Stormy weather had kicked the Puget Sound's waves up into jagged black crashes and crested them with fleeting white; sent high-pitched smatters of rain into the Middle Of's windows and then sliding down them like the course of the Temperance, without mercy. Saleh had always liked stormy weather. It was one of very few things that pulled the guard down out of her shoulders and let it fall to the floor like a discarded jacket after a long day. She liked the peace that it brought with it. The hustle and the bustle of both life and tourism just sort of stopped when an ominous cloud formation rolled over Nowhere Island.

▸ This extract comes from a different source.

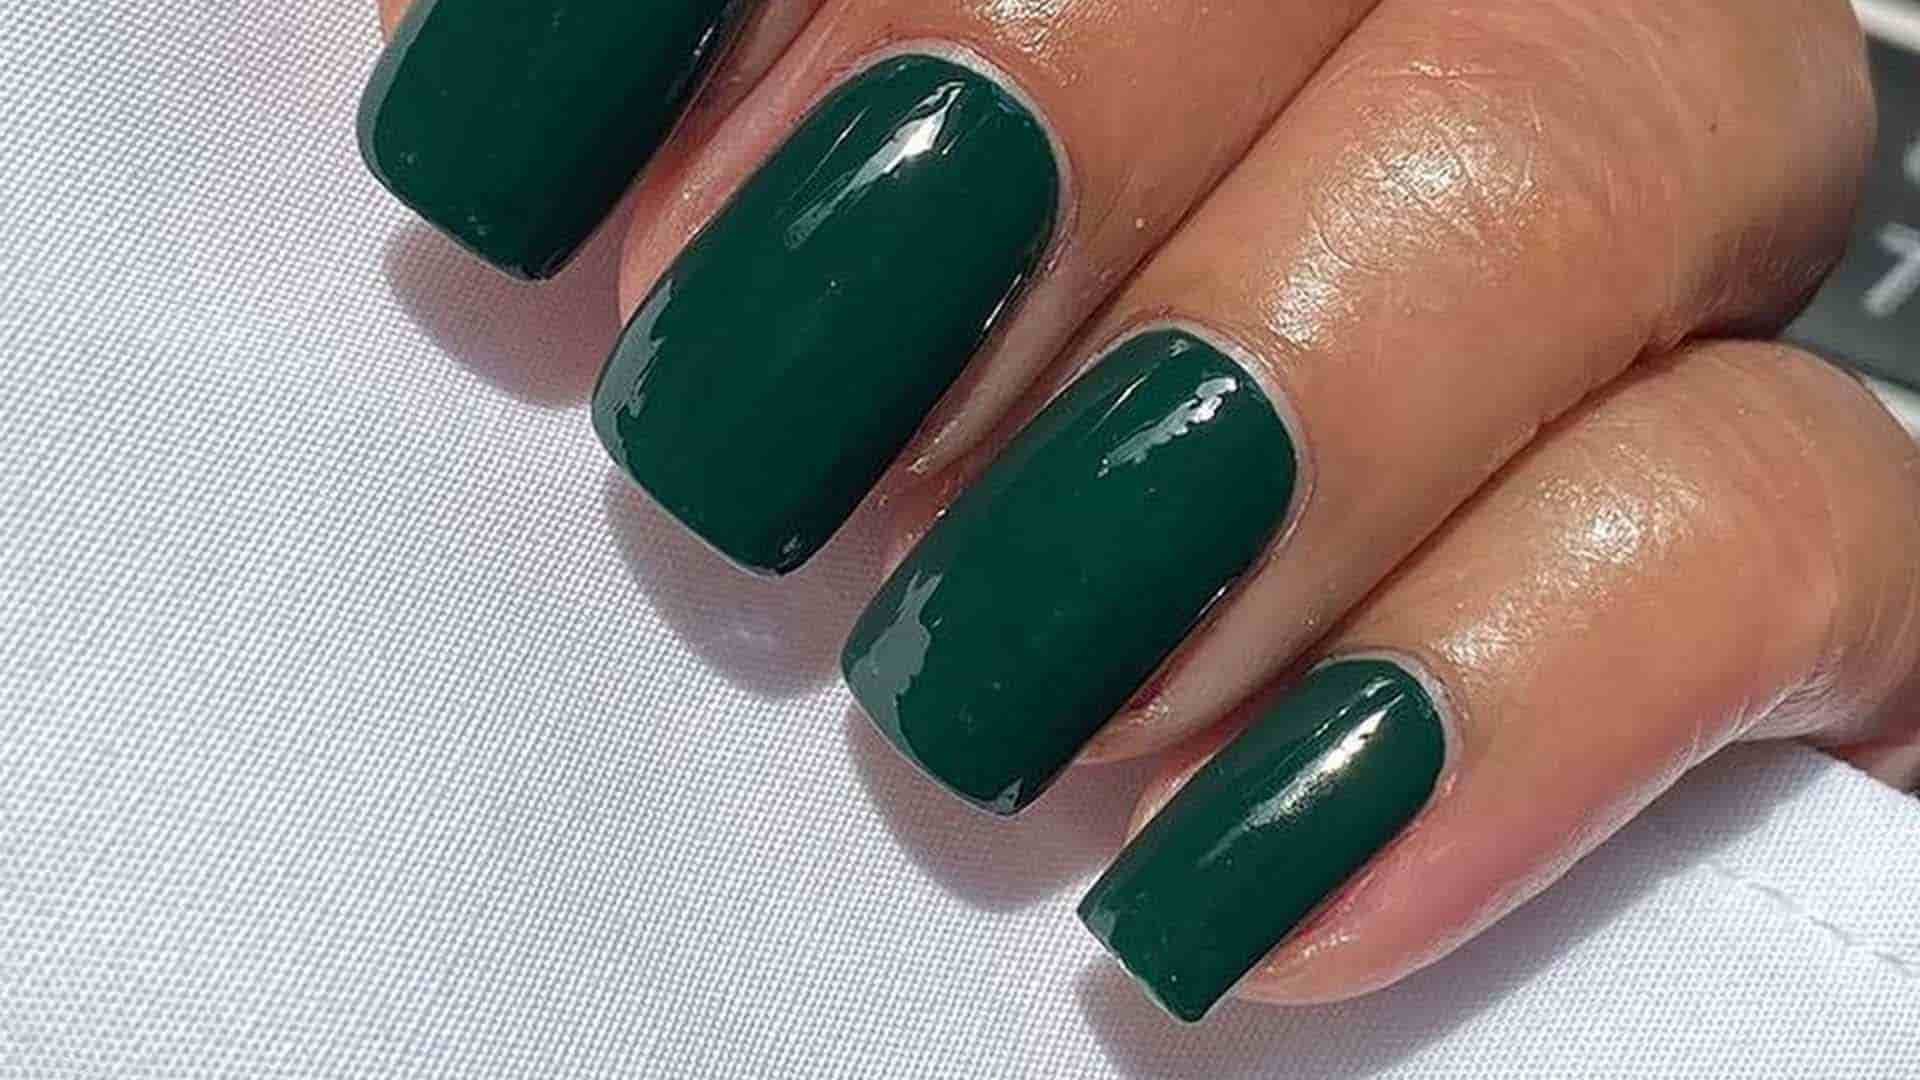 The Best Dark Nail Polish Colors For 2021
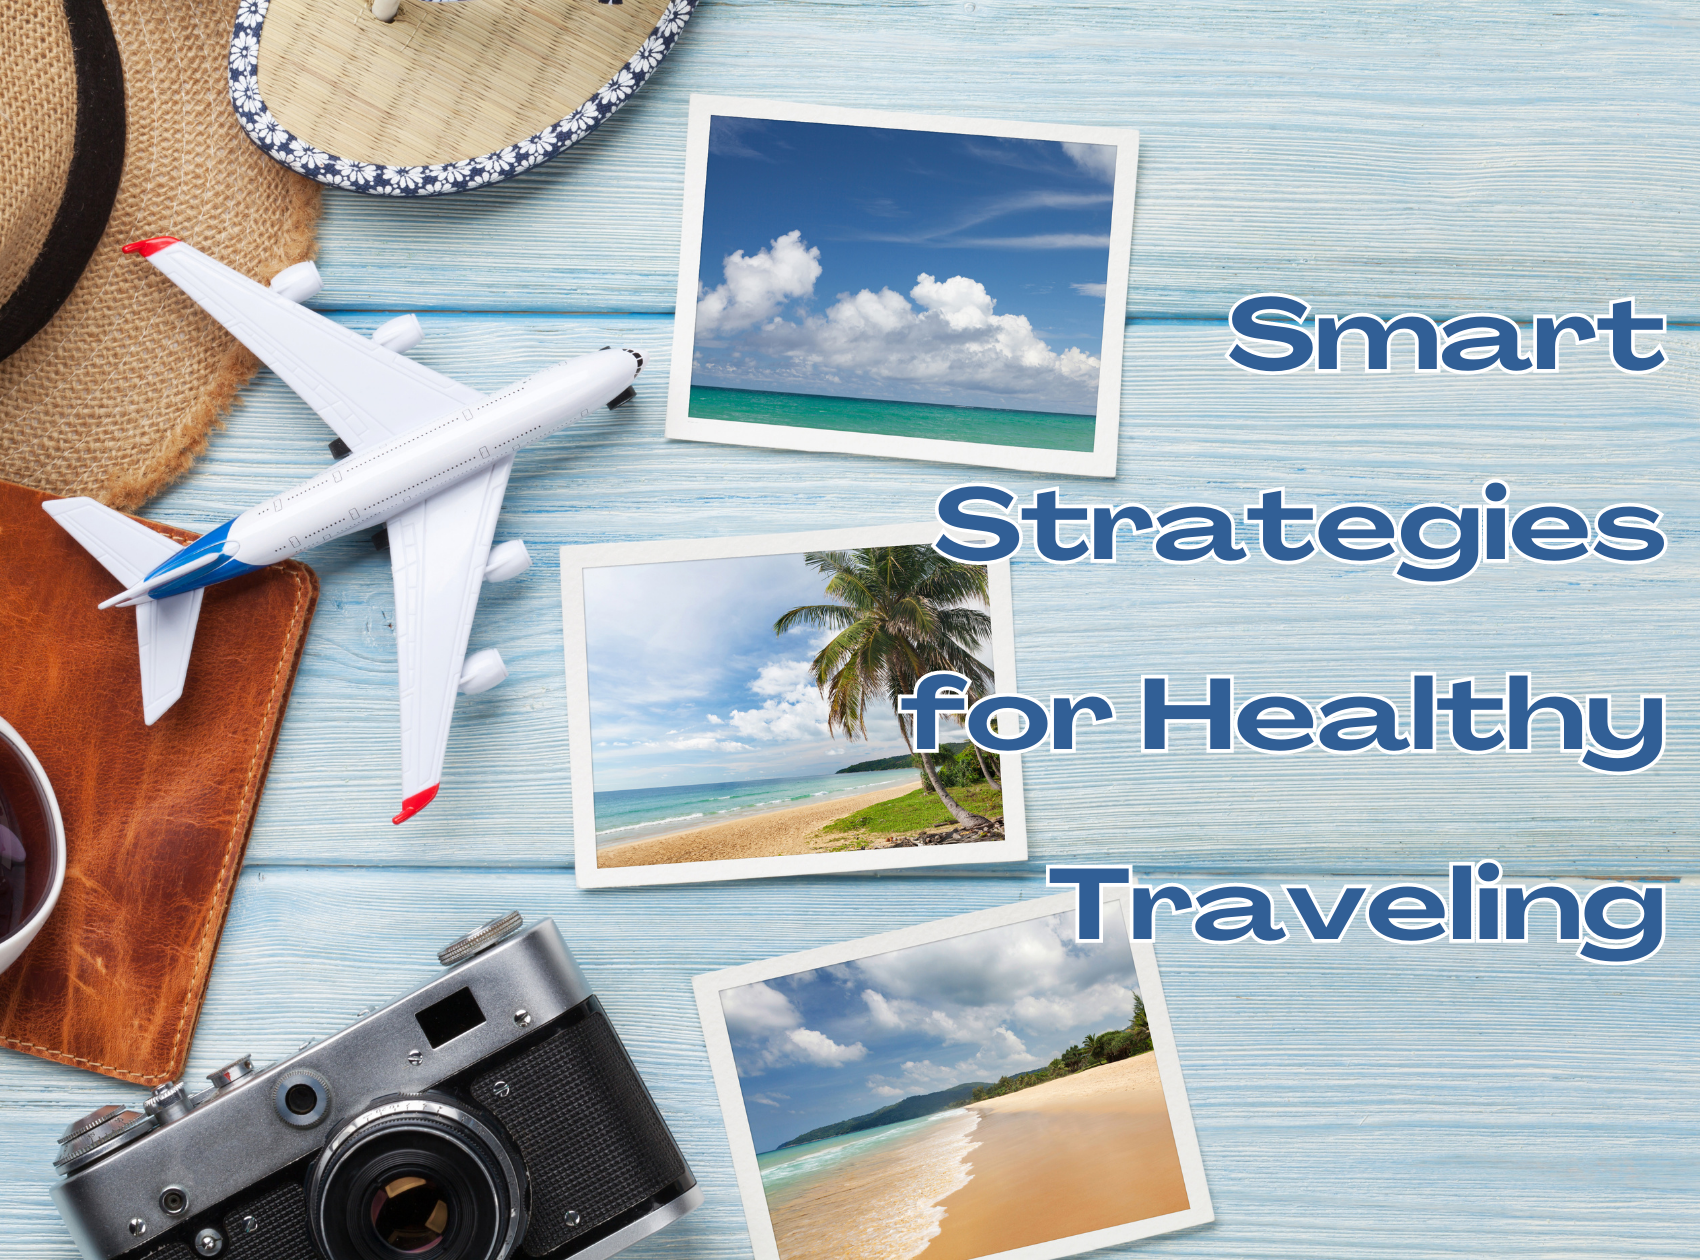 Strategies for Healthy Traveling (2200 × 1260 px) (1350 × 1080 px) (1)

Unfortunately, peace was all too often a crack in her tormentor's ever-watched window of opportunity.

Go away. Her response was a clipped psychic hiss. Saleh's fingers curled around an empty glass that she'd picked up while bussing a table. A bin of other dirty dishes was held between her elbow and her hip, neverminding that she usually paid someone else to do that dirty little job, neverminding that it was...

Sassing your father? Bussing tables? Aren't those things a little beneath you, Rocky? The glass found its way into the bin safely, but there was no telling whether or not the next dish would. She tried to hide the clench that the gentle square of her jaw became.

Don't flatter yourself. And don't call me that. Go. Away. Saleh leveled her sea glass gaze on the table and availed herself of a brief, quiet inhalation. Sassing her father. She'd never even met her father, at least not in the flesh. The Monster of Nowhere Island had always been lurking in the darker corners of her mind, though, bent on making sure that what he believed belonged to him knew it. Her half-sister, Clio, lived the same Hell. It was what brought them together as children. They were stronger together. They could silence him together.

The sous chef happened to peer out over the service counter and take in the familiar sight of his boss paused in motion but for the slow knit of her brow. His matched it. "Hey," he called, waving a left hand marked by white indent around its ring finger at her. "You okay, out there? You're doing the thing, again."

Her head jerked to the right, toward the guy in the white coat. There were days she almost thought it was funny, the way she was usually surrounded by guys in white coats. There were days that she and irony got along swell. A dark brown ponytail followed the movement of her head, as ponytails do, and feathered a collision into the quickening pulse alongside her throat. "Yeah," she called back, lifting her right hand to kind of wobble it from side to side in lieu of a wave that packed any energy. "Yeah, I'm fine." She pulled a full mouth tight and pressed it thin, utterly failing at a smile. "Just distracted by the storm." Oh, how people who know things that they aren't supposed to know learn to lie! She'd been telling that little white one ever since she could remember. Saleh got the sous chef's not-quite-reassured wave-off and went back to bussing the table.

You never answer my questions, Daniel continued, unphased by her almost violent attempts to eject him from her consciousness. Why don't you ever answer my questions? A gust shook the window she stood across from, and in it, her reflection. She watched her willowy, golden form waver.

Because you already know the answers to the questions you ask. Leave me alone.